So my phone rings this morning, and an unfamiliar voice says, “Hello, Grandpa.” It’s a male voice, which makes me suspicious because my grandchildren are girls.
I do have a great-grandson, and I wouldn’t recognize his voice on the phone, and it’s just possible that this might be him. He goes on to tell me he’s out in Las Vegas for a wedding, and he had a bit too much to drink and got in a car accident and some woman and her little child were badly injured and the breathalyzer said he was over the limit, and the judge says he’s gonna have to go to jail… oh, and would I please send bail money?

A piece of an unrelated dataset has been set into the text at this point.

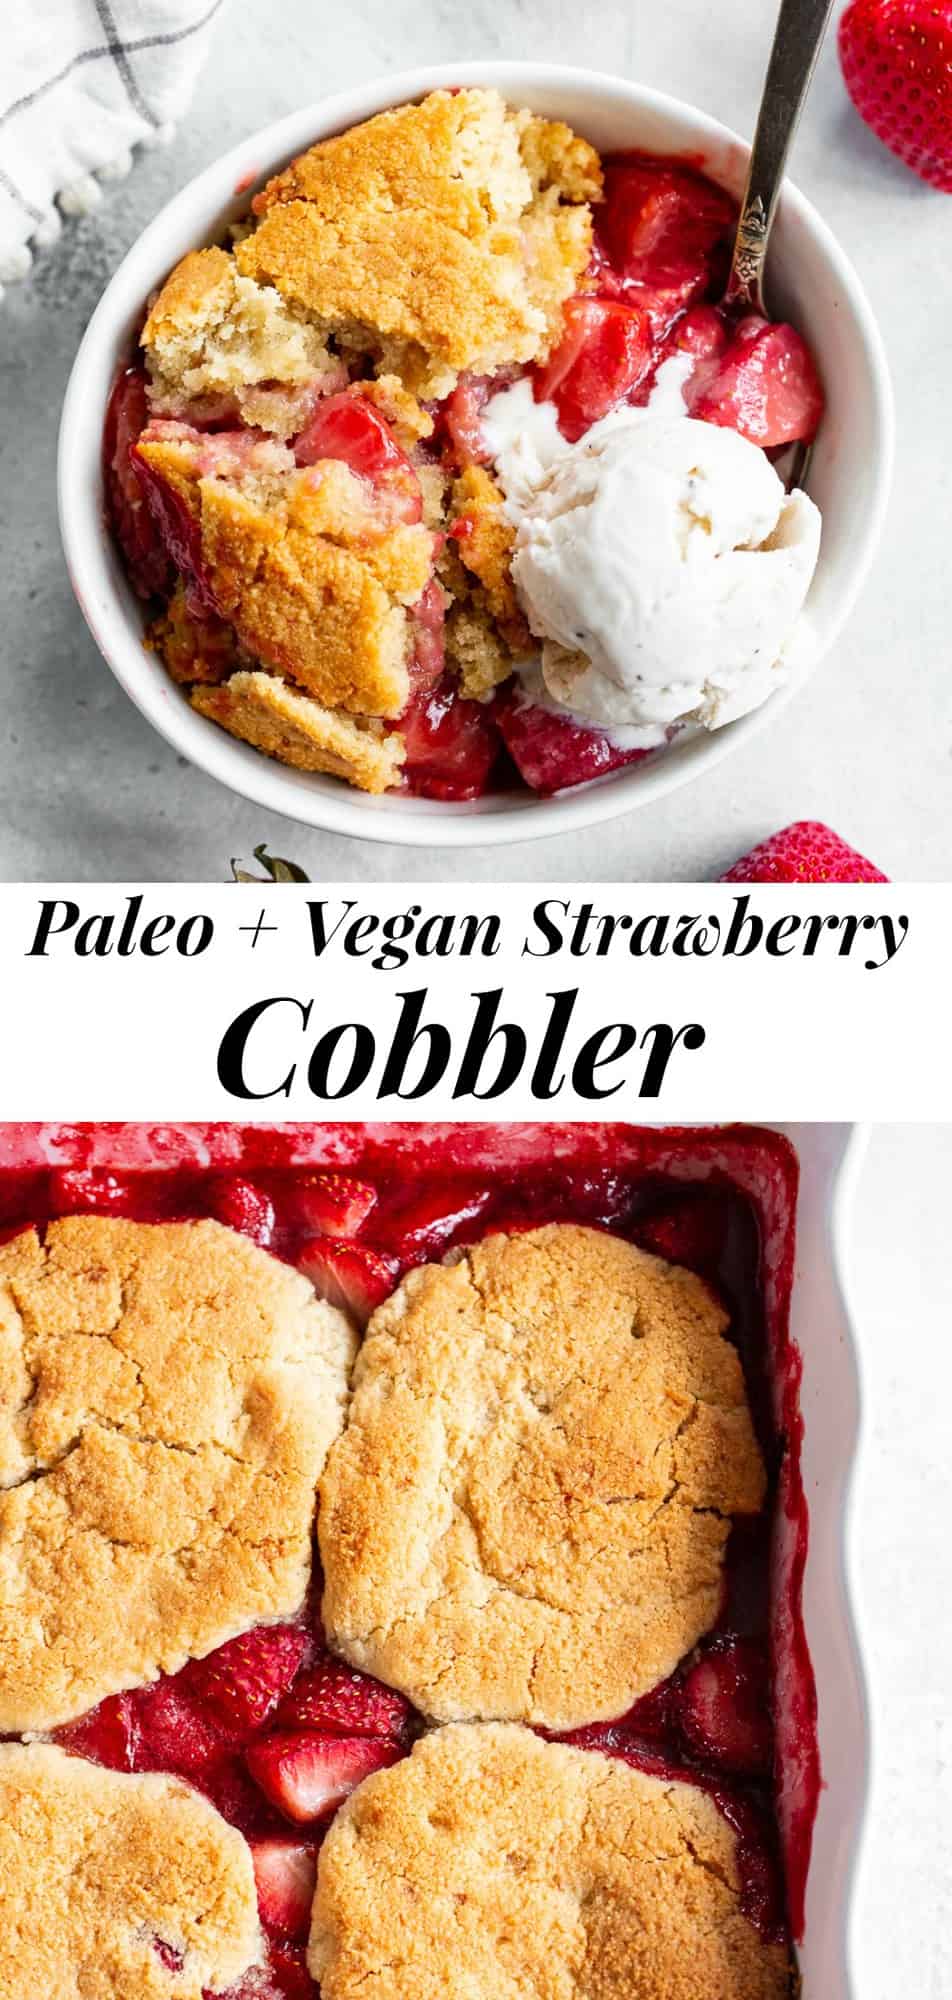 This paleo and vegan strawberry cobbler has quickly become a family favorite! A sweet strawberry layer is topped with a sweet biscuit cobbler topping that’s gluten free, dairy free, and egg free. It’s perfect served with a big scoop of coconut vanilla ice cream or on its own! Easy to make and the perfect healthy dessert for Spring and Summer. #vegan #paleo #glutenfree

No sooner had the words, “Sorry, but I don’t have the money to bail you out,” left my lips than the caller hung up. Of course, if I did have a grandson, he would have known that asking me for bail money would be like asking me for money for a sex-change operation. Ain’t gonna happen, sonny.
And so a word of caution: this is a very common scam, folks. Please don’t fall for it. If you get a phone call from a grandson or granddaughter claiming to be in serious trouble, please send money–don’t. Or at least check it out before you do anything. Ask to speak to the police, for instance. Find out if he really is in a police station. Don’t be a sucker.
A few weeks ago I got an email from someone I know, a minister, saying he’s stuck in the Philippines because he got mugged and they took all his money, and would all his friends please wire him some dough so he can come home… It was fake. The real minister found out about it because someone told him about the email.
If you really must send money to someone you don’t know–hey, send it to me.